As well as cuts to military personnel totaling some 17,000, the 2010 SDSR set out plans for a major overhaul of the structure of the Armed Forces under the "Future Forces 2020" programme, and called for a reduction in the UK’s aircraft carrier capability.
The new SDSR is being carried out against a more benign budgetary backdrop for the Ministry of Defence, with chancellor George Osborne announcing in the summer Budget that MoD spending would rise by 0.5% in real-terms over the parliament. The UK will also meet a commitment agreed by members of the Nato military alliance to spend 2% of GDP on defence.
Pressed on whether the 2015 review would continue to prioritise cost concerns over strategic ones, Fallon talked up the impact of the chancellor’s latest commitments.
“It’s being conducted against a budget that’s going to increased,” he said.

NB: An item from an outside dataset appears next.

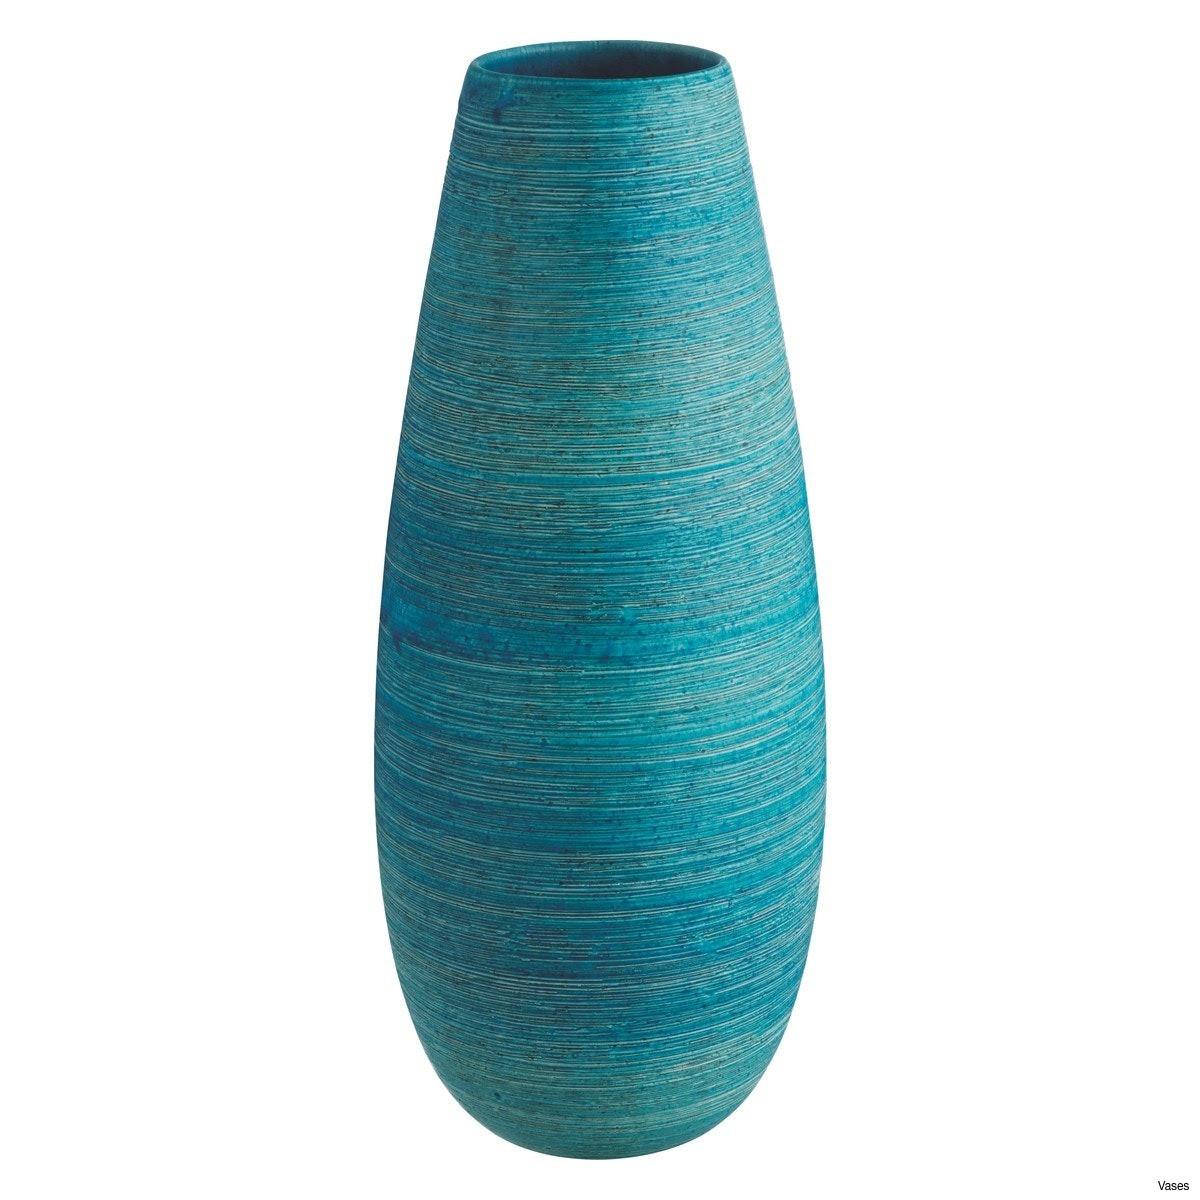 white flower vases for sale of blue floor lovely vases teal vase turk blue ceramic vasei 0d from regarding blue floor lovely vases teal vase turk blue ceramic vasei 0d from next teak

“Necessarily, the 2010 review was conducted against a quite different background, a budget that was being reduced, a need to close off a black hole in defence procurement, and the very serious fiscal deficit.
“That deficit has now been halved, as you know, and the Budget settlement we’ve got gives us a far more favourable environment to look ahead now, to plan the future.
“Coupled with the stability that the 2% [Nato] commitment gives us, we now have a very much underrated commitment to […] enable us to put all of our efficiency savings back into Defence instead of losing them to the Treasury. So we have every incentive to look at new ways of working […] because we reap the entire benefit.”
However, Fallon stressed that the MoD would continue to try and bear down on departmental costs, highlighting a drive for efficiency as one of three priorities for the ministry alongside greater international cooperation and a bid to encourage innovation in the defence industry, including by procuring more equipment through small and medium-sized firms.
“To imagine, somehow, that 2%, alongside a balanced budget and the Levene reforms [of the MoD’s structure and management], marks the end of our journey…would be neither true nor sustainable.
“Indeed it would waste the golden opportunity that the chancellor has given defence: to recycle all future savings into front line capability."